Rockwell is actively pursuing revenue growth outside of America. It is taking advantage of companies not able to afford new fleets but needing to upgrade older technologies and targeting those companies. Rockwell is also more focused on aero systems support while Honeywell is a more diversified company. Honeywell may need to take a lesson from United Technologies and decide what businesses are at its core and sell off ones that aren't helping it be successful. For example, as mentioned above, the transportation systems segment is only 13% of revenues. It already sold off some of the segment but I think it needs to keep going and sell the rest, and then use that money to buy a smaller company to further its aerospace business, or invest it in organic growth.


Honeywell's 2011 results reported a 13% increase in sales because new product launches and expanding into high growth markets. It has been able to successfully weather decreases in defense spending and is fairly certain that it can continue to do so in the future. It sold its car-care products and used some of that money to fund restructuring and other efforts to increase efficiency. In a recent release the company reaffirmed its 2012 outlook and narrowed first quarter EPS to the higher end of $0.96-$0.98 per share. I see small growth in revenues, absent any excellent new products next year; I figure it will slow to around 7% for 2012. But, because of the money spent to increase efficiencies I think we'll see margins get better. For 2011 operating margins were 14.7% and I think they could get up to 16% for 2012.


At its latest investor conference there were a few interesting items mentioned. First was an unannounced OEM figure of near $20 billion in the aerospace segment. This should hopefully help support growth over the coming years. Next was all the talk about meeting the 2014 targets and comparing everything to where Honeywell was in2002. While that is all well and good, I think the focus needs to be on some of the more recent struggles (margins), how it is adjusting to fix its issues, and planning out past 2014. Over the last few years Honeywell has seen margins remain flat or shrink slightly. It has acknowledged that it needs to work on improving them. I think we need to watch the coming quarters to see if the money it's spending on increasing efficiencies is being effective. The presentation also discussed its acquisition strategy. As of the end of fiscal 2011 the company had just over $4 billion in cash on the books and generated over half that in cash flow over the last 12 months. It could continue to acquire smaller new companies to help continue growth, but I think it needs to focus some more on organic growth. For example it mentions that back near 2002 sales were around $22 billion and currently sales are around $36 billion. But it also mentions that $10 billion of that increase was from acquisitions, that leaves only $4 billion as organic growth. The concern is that Honeywell will run out of companies to buy or face slowed growth if it can't better develop organic growth.

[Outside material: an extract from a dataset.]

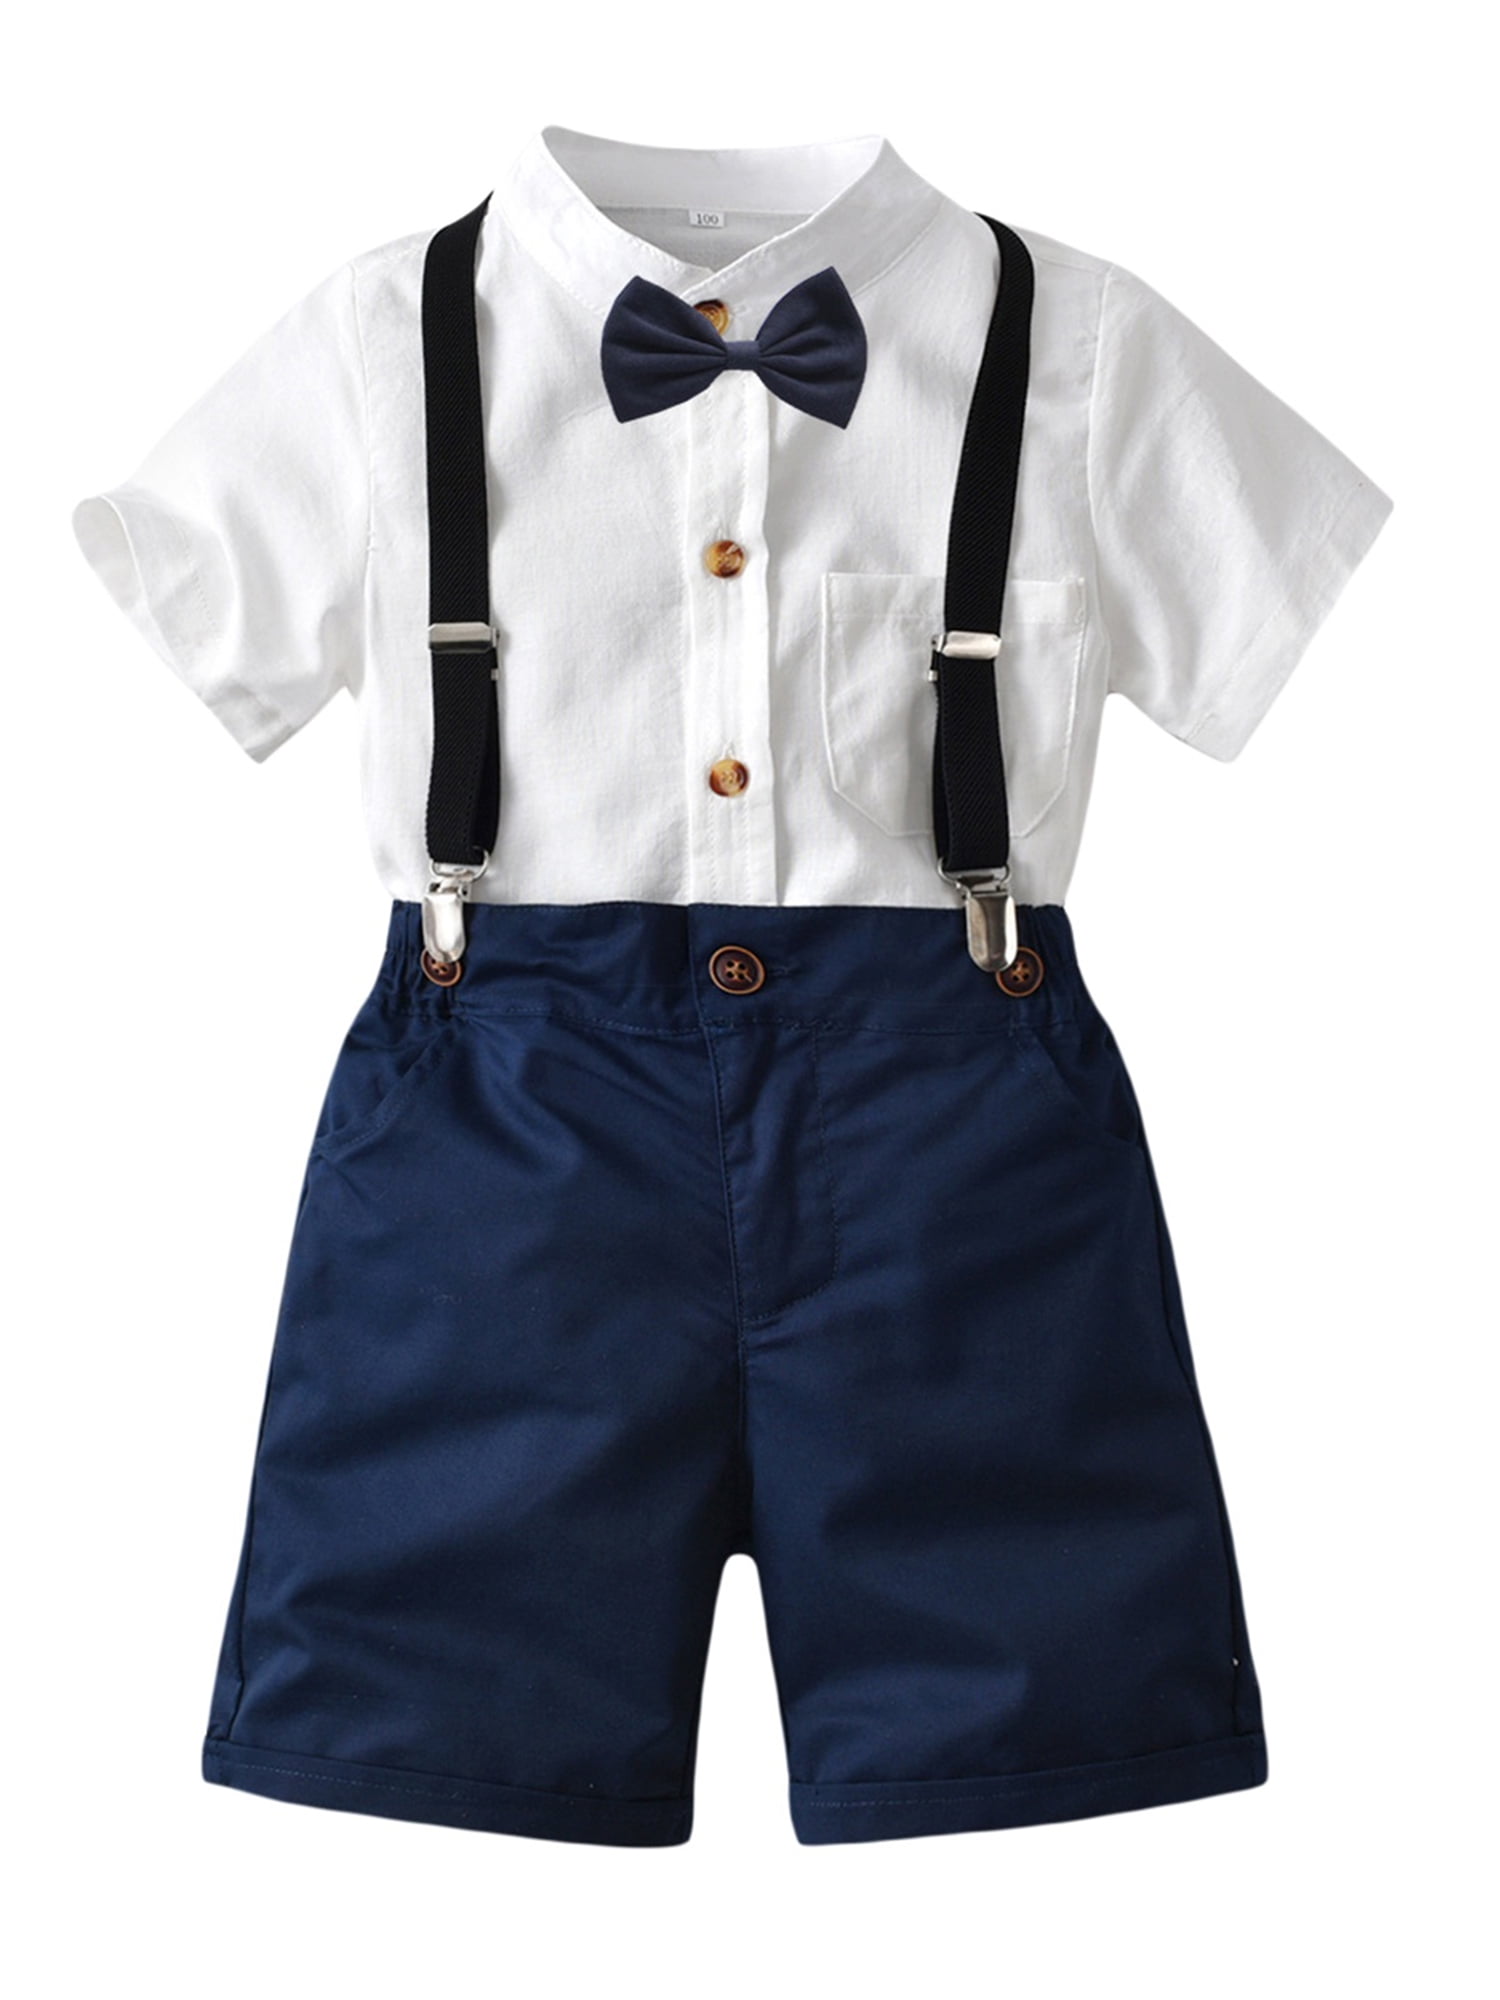 Kids Baby Boys Gentleman Bowtie Short Sleeve Shirt+Suspenders Shorts Set Outfits

I look for shares to be near $70 for end of 2012. I think shares at this level are a good buy. I also see a steadily increasing dividend as the company continues to reward shareholders. Honeywell has done a good job of rewarding shareholders with dividends and is a buy for that reason alone. It is a sustainable dividend from a company that isn't going anywhere anytime soon. It won't be a growth play anytime soon though.